Mohon tunggu...
Setyo Purwoto
Setyo Purwoto Mohon Tunggu... Mahasiswa - Mahasiswa

Seorang mahasiswa pendidikan Sejarah universitas negeri Semarang

Selanjutnya

Tutup

Ilmu Sosbud

Hak Asasi Manusia, Sejak Era Hamurabi Sampai Era Modern

26 Maret 2024   13:38 Diperbarui: 27 Maret 2024   11:34 396
+
Laporkan Konten
Laporkan Akun
Kompasiana adalah platform blog. Konten ini menjadi tanggung jawab bloger dan tidak mewakili pandangan redaksi Kompas.
Lihat foto
Bagikan ide kreativitasmu dalam bentuk konten di Kompasiana | Sumber gambar: Freepik

Dari zaman ke zaman, gagasan tentang hak-hak fundamental yang melekat pada setiap insan telah menjadi perjuangan abadi umat manusia. Meskipun akar-akarnya dapat ditelusuri hingga peradaban kuno seperti Hukum Hammurabi di Babilonia pada 1792 SM, yang meletakkan dasar-dasar sistem peradilan setimpal dan praduga tidak bersalah, konsep Hak Asasi Manusia (HAM) modern telah melewati perjalanan panjang dalam mengkristal menjadi seperangkat prinsip universal. Dimotori oleh pemikiran para filsuf dan cendekiawan visioner seperti John Locke, yang menegaskan hak alami atas kehidupan, kebebasan, dan kepemilikan, evolusi HAM telah membentang melalui tiga generasi yang mencakup spektrum luas hak-hak sipil, politik, ekonomi, sosial, budaya, hingga hak-hak kolektif atas pembangunan, perdamaian, dan lingkungan yang bebersih.

 Sejarah HAM

Sejak zaman dahulu, konsep Hak Asasi Manusia (HAM)telah berakar pada ide bahwa setiap manusia, tanpa memandang warna kulit, kewarganegaraan, atau jenis kelamin, memiliki hak-hak dasar yang tidak terpisahkan dari kemanusiaan mereka. Filsuf terkemuka seperti John Locke menegaskan bahwa hak untuk hidup, memiliki, dan kebebasan adalah hak alami yang tidak boleh direnggut oleh siapapun, termasuk negara.
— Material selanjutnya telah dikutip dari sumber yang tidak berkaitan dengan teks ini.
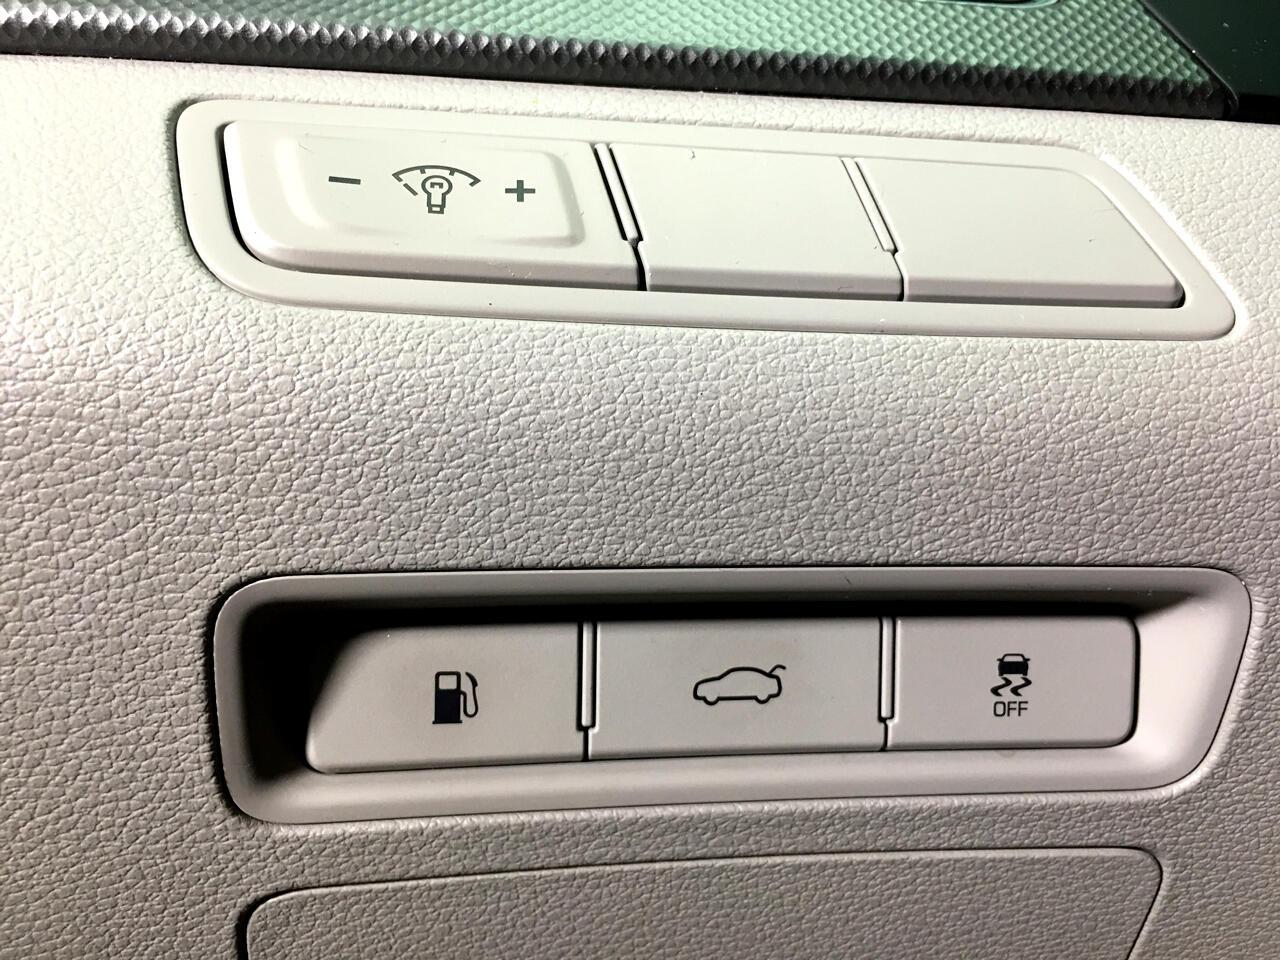 Pre-Owned 2016 Hyundai Sonata 4dr Sdn 2.4L SE PZEV

Perjalanan HAM telah melalui tiga generasi evolusi:

1. Generasi Pertama : Hak-hak klasik termasuk hak hidup, kesehatan, kebebasan bergerak, dan kepemilikan pribadi.
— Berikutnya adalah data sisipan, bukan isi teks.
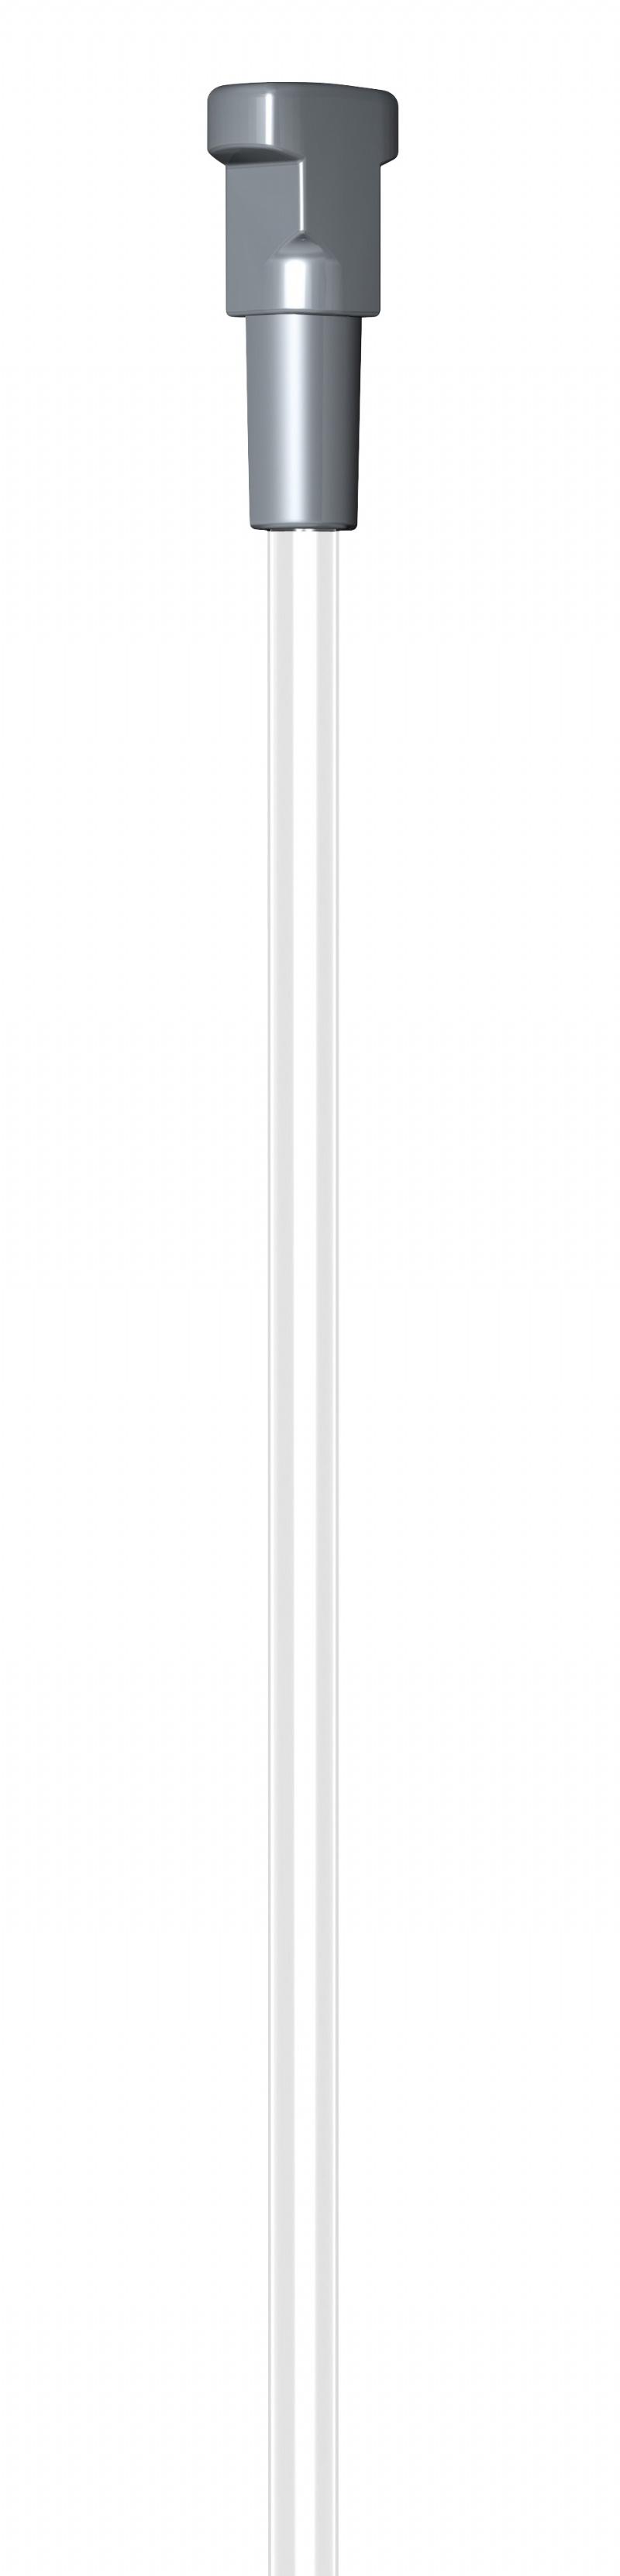 suspension type TWISTER nouveauté 2011 en remplacement futur du COBRA

2. Generasi Kedua : Hak-hak ekonomi, sosial, dan budaya seperti pekerjaan, pendidikan, dan kesehatan.

3. Generasi Ketiga : Hak kolektif dan solidaritas, mencakup hak atas pembangunan, perdamaian, dan lingkungan yang bersih.

Puncak penting dalam sejarah HAM adalah penandatanganan Deklarasi Universal Hak Asasi Manusia (DUHAM) pada 10 Desember 1948, yang menetapkan standar hak-hak dasar yang harus dihormati secara global. Sejarah mencatat bahwa prinsip-prinsip HAM telah ada sejak zaman Hukum Hamurabi pada tahun 1792 SM.
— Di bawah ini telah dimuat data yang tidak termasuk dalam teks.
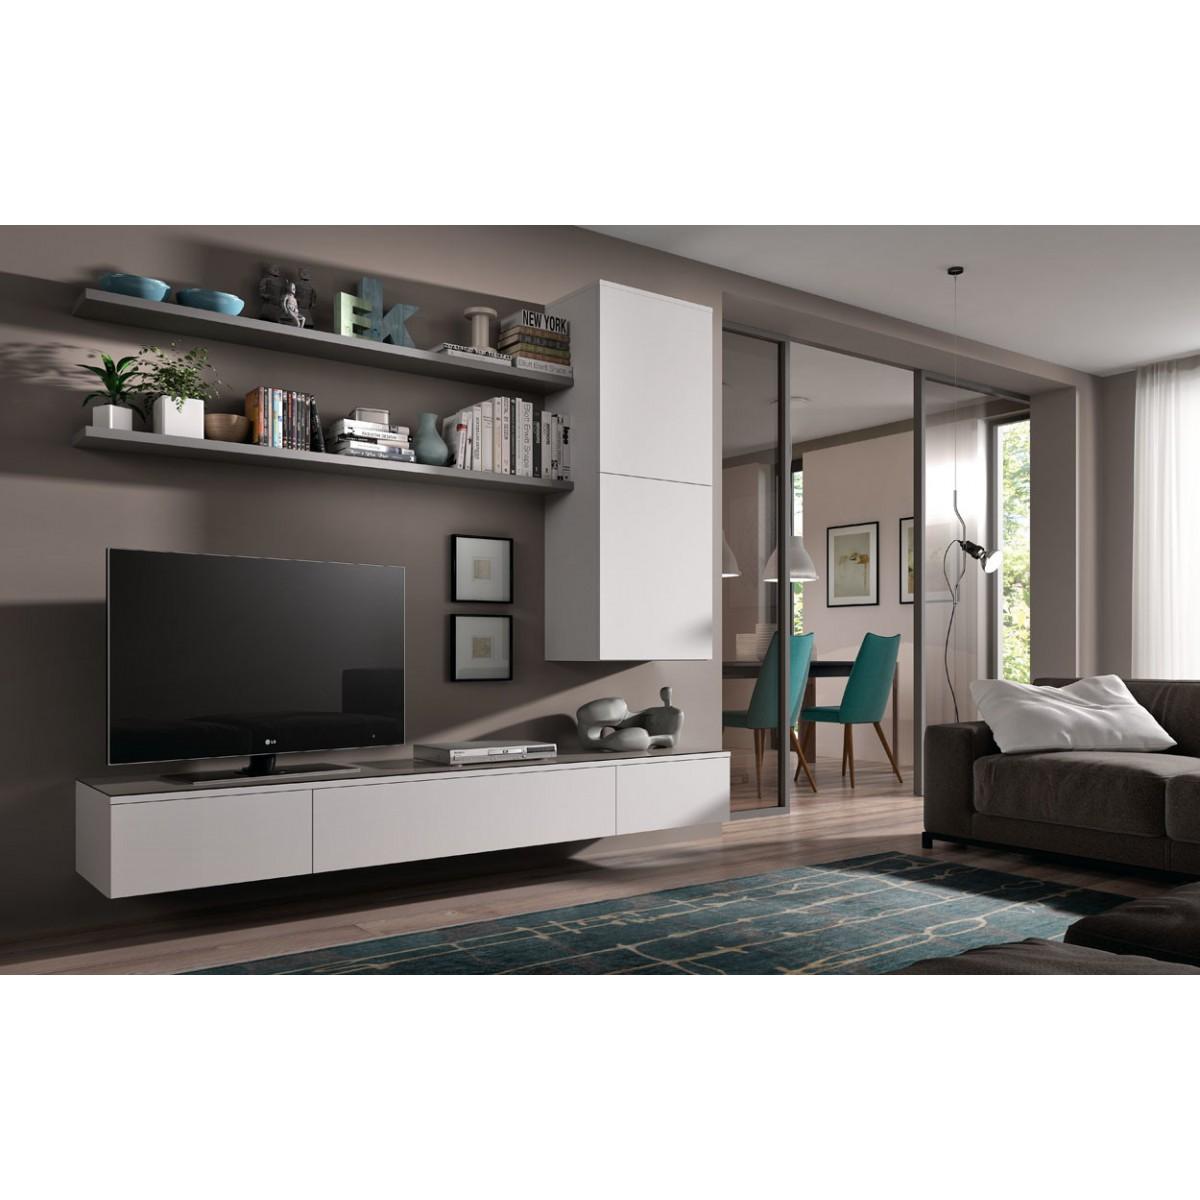 Hangend Tv Lowboard Float 221 Cm I Live Design Preisgunstig Online Moebel Kaufen

Hukum Hammurabi, salah satu dokumen hukum tertulis tertua, dibuat oleh Raja Hammurabi dari Babilonia kuno. Prasasti setinggi 2,25 meter ini berisi 282 peraturan yang mencakup aspek-aspek kehidupan, termasuk perdagangan, perbudakan, dan hubungan keluarga. Prinsip "mata ganti mata, gigi ganti gigi" dari hukum ini mencerminkan sistem hukuman yang setimpal.

Hukum ini juga merupakan langkah awal menuju sistem peradilan yang adil, dengan prinsip bahwa terdakwa dianggap tidak bersalah sampai terbukti bersalah. Prasasti ini kini menjadi bagian dari koleksi Museum Louvre di Paris.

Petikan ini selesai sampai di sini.